India’s cement industry is currently in a significant capex phase. Between FY22 and FY25, companies invested ₹70,000–80,000 crore in capacity expansion. Over the next three years, an additional ₹1.2 lakh crore is expected to be invested. In the previous capex cycle, about 9.5 million tonnes of new capacity were added. In this cycle, the increase is projected to double, reaching 16–17 million tonnes. Major players, including Ultratech, Ambuja, Dalmia Bharat, and Shree Cement, are actively expanding their capacities.
The renewed surge in capex is driven by two key factors:
- Meeting rising demand for cement across the country.
- Enhancing profitability through operational efficiency and cost control.

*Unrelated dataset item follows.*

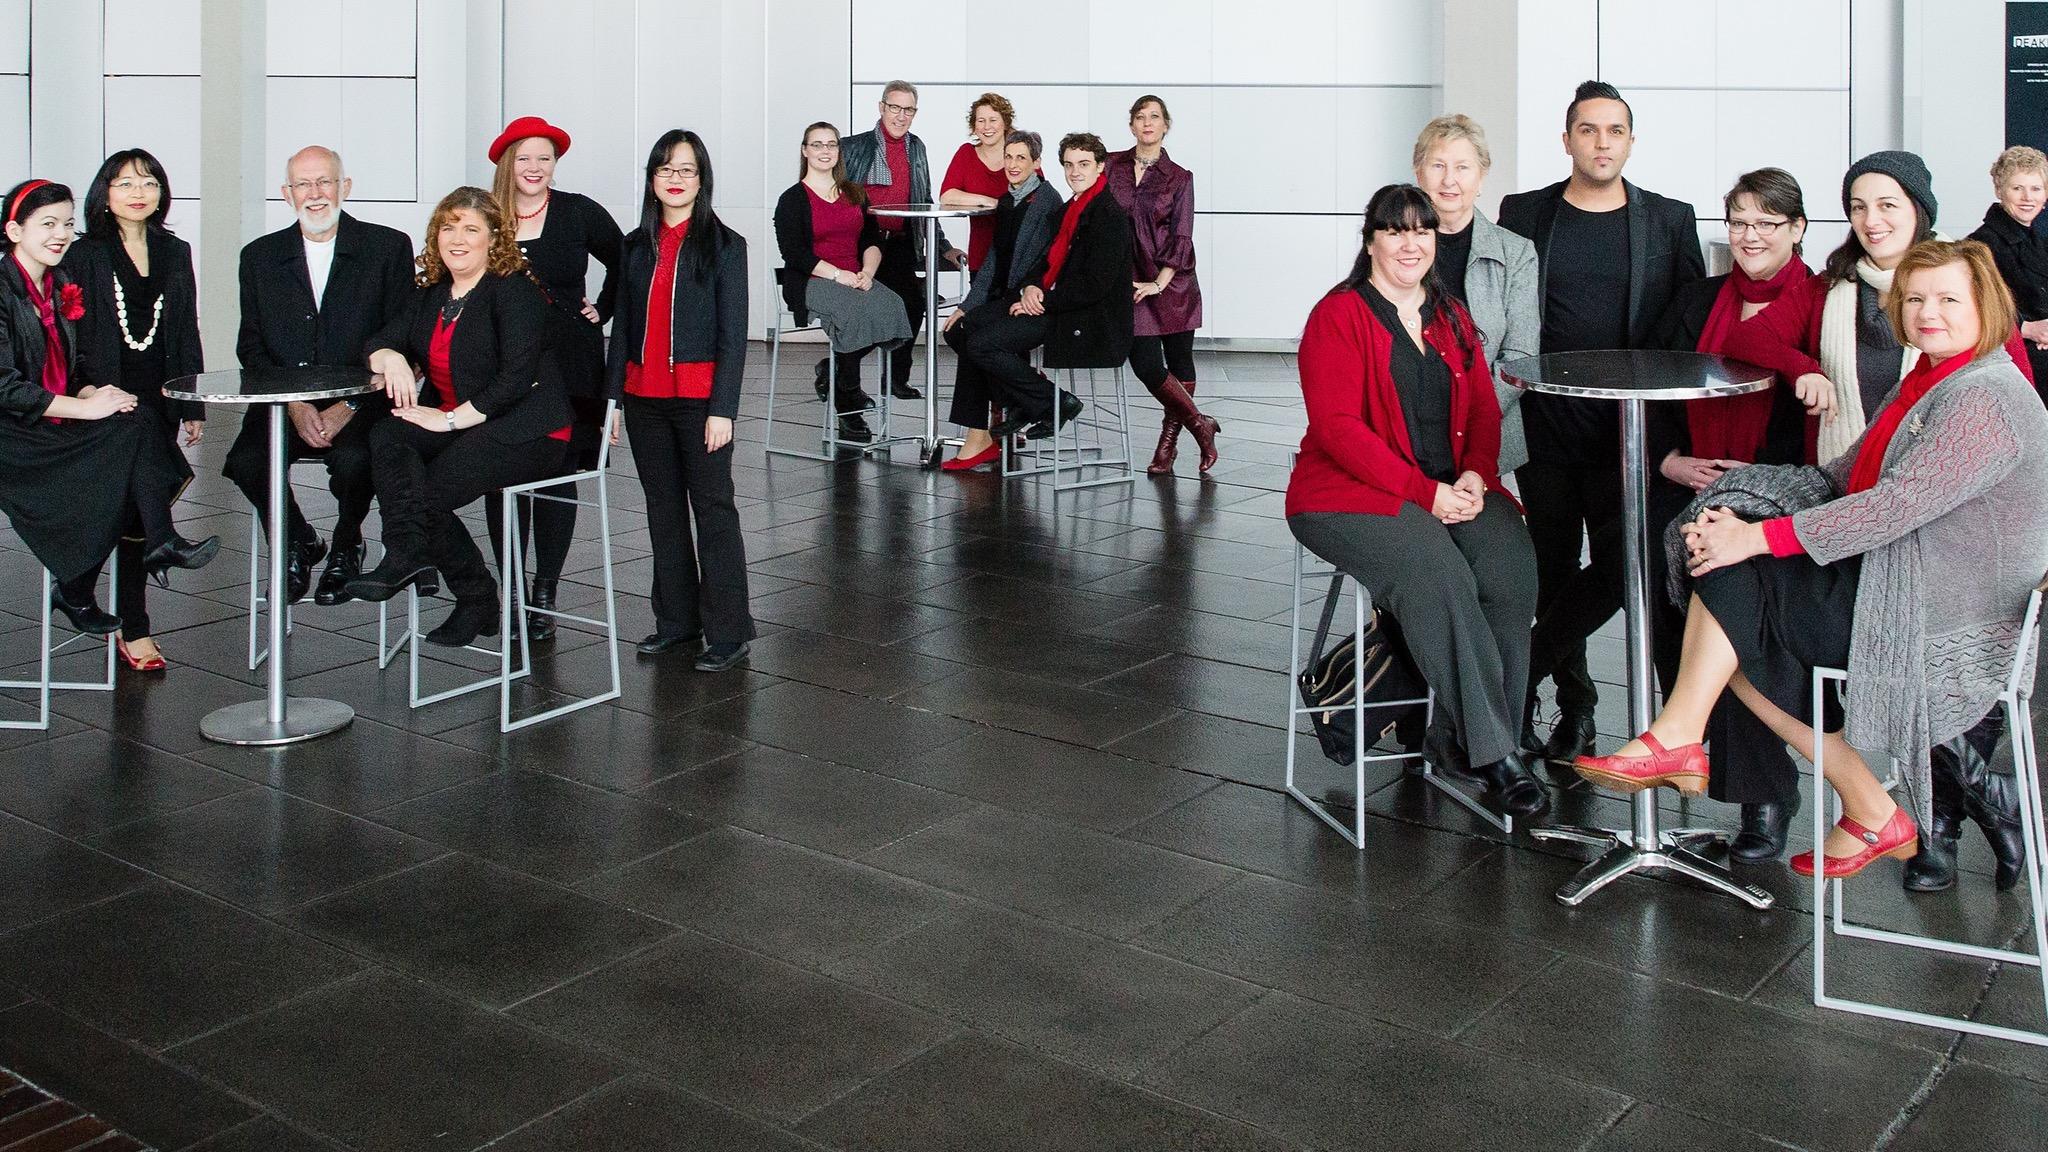 THE CHIME Choir

Rising Cement Demand in India
Cement demand in India is growing steadily. According to CRISIL, the current demand stands at around 450 million tonnes. By FY28, annual incremental demand of 3–4 million tonnes is expected, resulting in a cumulative increase of 9–12 million tonnes over the next 3–4 years.
Demand is primarily concentrated across three sectors:
- Housing – ~60%
- Infrastructure – ~20%
- Industrial & Commercial – ~20%
Infrastructure is expected to emerge as the fastest-growing segment, with a projected CAGR of 8.5–9.5%, compared with 3% for housing and 5% for commercial. Over the past decade, the infrastructure sector’s share of cement demand has grown from 11% in FY14 to 13–20% in FY24, supported by government investment in highways, railways, metro projects, irrigation, and other major projects.

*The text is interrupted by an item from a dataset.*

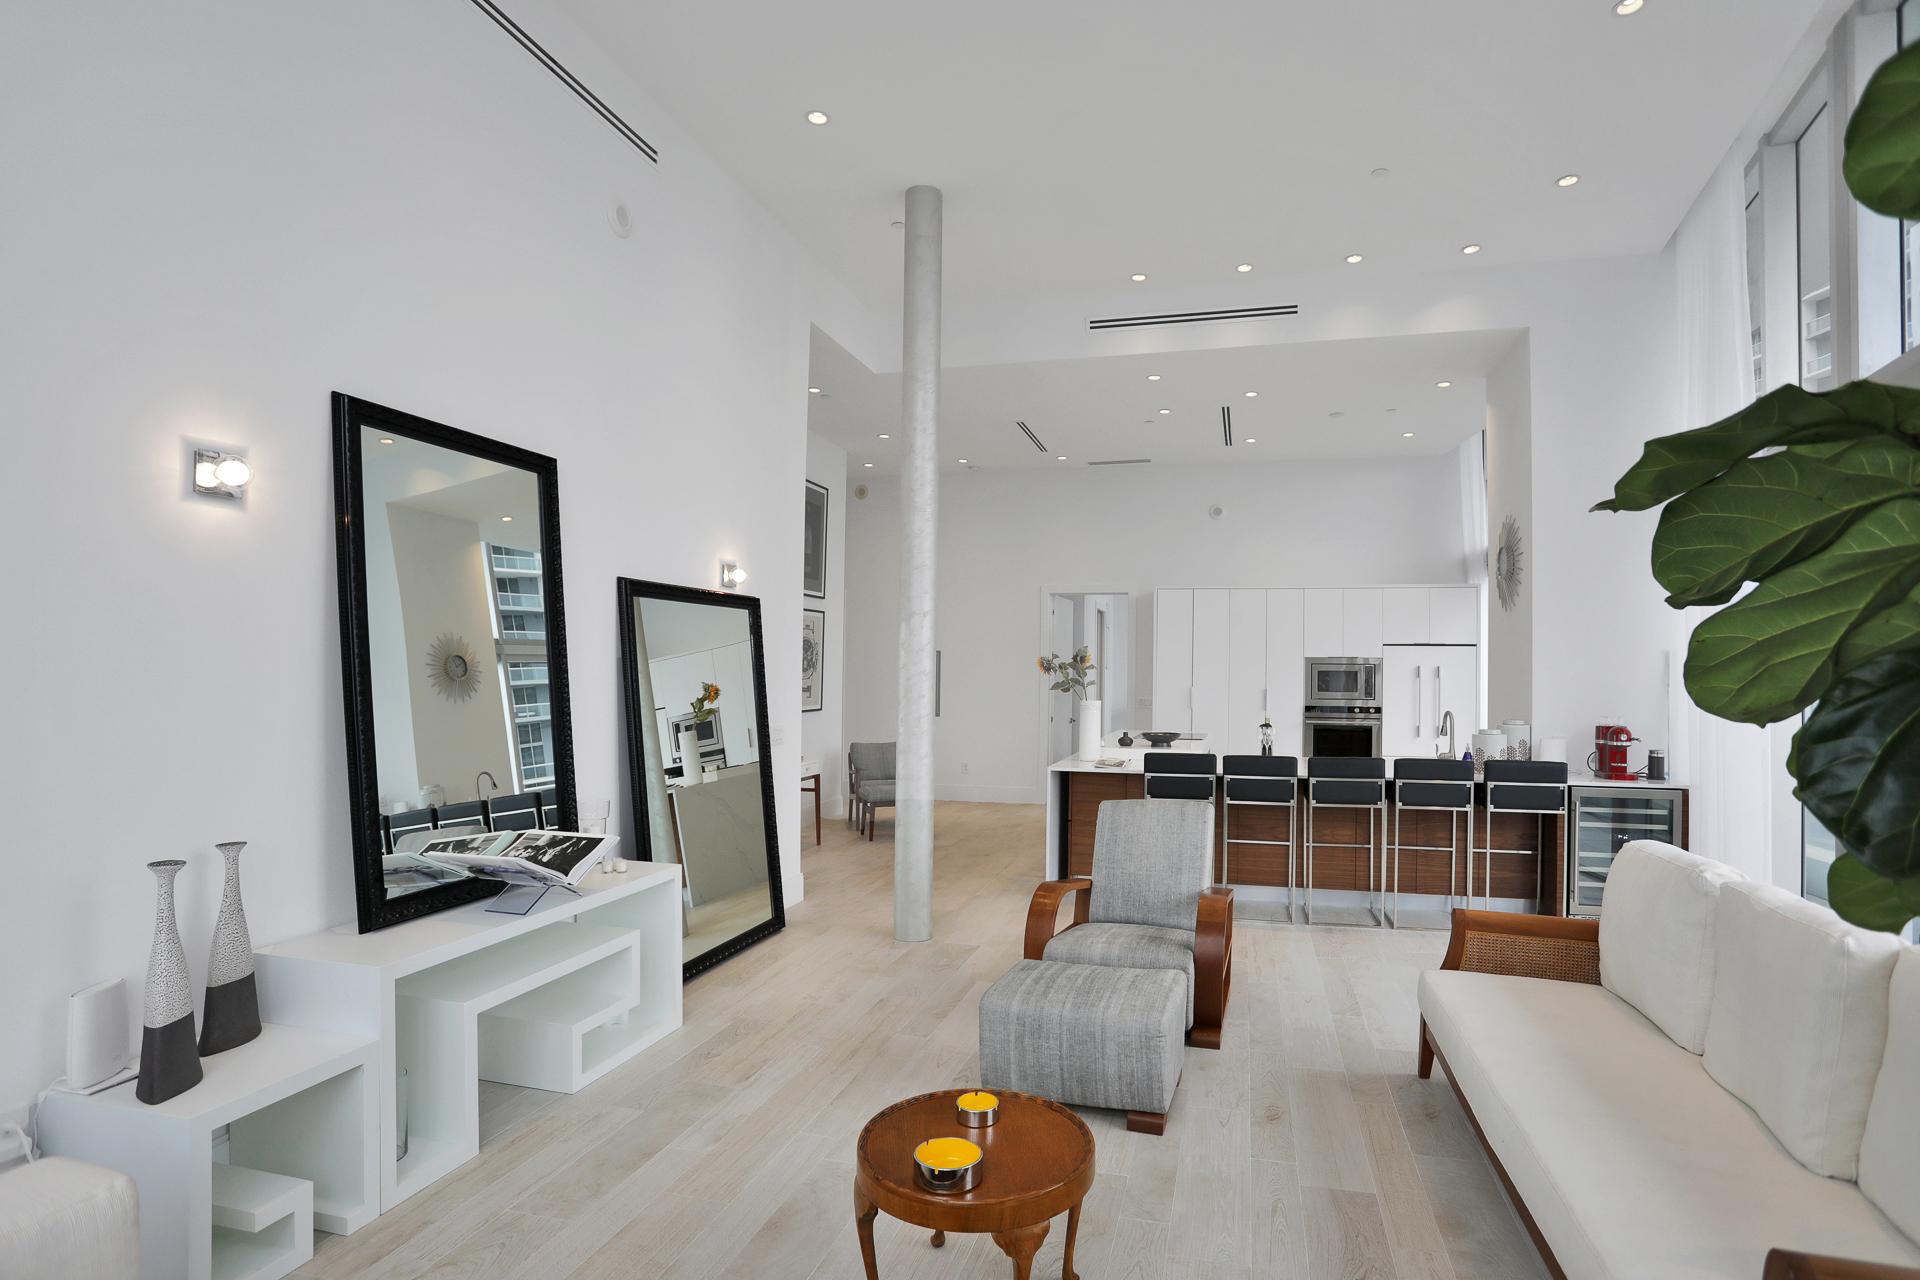 living room with open floor plan

This rising demand has prompted companies to accelerate capacity expansion. Ultratech Cement surpassed its own target of 20 million tonnes by FY25–26, originally set for FY28. Similarly, Ambuja Cement raised its FY28 target from 14 million tonnes to 15 million tonnes.
Capex Plans and Utilisation Patterns
Cement plants rarely operate at full capacity, typically achieving 70–80% utilization. Three primary reasons explain why companies continue to invest in new capacity despite existing idle capacity:
- Seasonality – Construction activity slows during monsoons, and cement has a short shelf life of 90 days. This necessitates controlled production, reducing average utilization.
- Operational Complexity – Cement manufacturing involves sequential processes like clinker production, grinding, and heating. Maintenance, equipment downtime, and bottlenecks reduce effective capacity.
- Fragmented Regional Demand – Cement is a low-value, high-volume product, making long-distance transport costly. About 85% of production is concentrated in South India, while demand in East & Central India is high. Low freight margins limit redistribution.
This cycle emphasizes location-specific capacity expansion, such as Dalmia Bharat’s 2.4 million tonnes grinding capacity in Assam to serve East India efficiently.
Profitability Through Cost Control
Profit in cement largely depends on cost optimization, as pricing power is limited for this commodity. Key cost components (≈75% of total cost) include:
- Raw Materials – Securing limestone reserves is critical to control costs, as post-2015 auctions increased production expenses.
- Power & Fuel – Representing ~31% of costs, companies are investing in renewable energy. Ultratech increased renewable power from 30% (Q2 FY25) to 41% (Q2 FY26), aiming for 65% by FY28. Ambuja moved from 7% (Sept 2022) to 33% (Q2 FY26), targeting 60% by FY28, reducing power costs by ~23%.
- Freight Costs – ~26% of costs, mitigated through split grinding units and logistics partnerships. Ultratech and Ambuja allocate 75–85% of capex to grinding units closer to demand centers. Collaborations with Indian Railways and CCI further improve distribution efficiency.
Brownfield expansions and plant debottlenecking (~65% of this cycle’s capacity) remain preferred strategies due to faster execution and lower cost compared to greenfield projects.
Assessing Oversupply Risk
Current cement capacity in India is 686 million tonnes. With FY28 capex, total capacity could reach 850 million tonnes. Assuming 70–80% utilization, effective capacity would be ~596 million tonnes, exceeding FY28 demand (~550 million tonnes) and leaving a safety margin of ~45 million tonnes.
Oversupply risk is minimal until FY28, but could rise if infrastructure growth slows. China experienced a similar situation in the early 2010s, where aggressive expansion led to output surpluses and falling prices by 2024. India’s per capita cement consumption remains 280 kg, below the global average of 500 kg (China: 1,400+ kg), suggesting room for growth.
Some companies, such as Shree Cement, adopt a cautious approach, planning only ₹3,000 crore capex until FY27 to monitor demand before further expansion.
India’s cement sector is experiencing a strategically driven capex cycle, focused on meeting rising regional demand and enhancing profitability through cost efficiency. While oversupply risk is limited in the near term, regional supply imbalances and long-term demand fluctuations will require careful monitoring.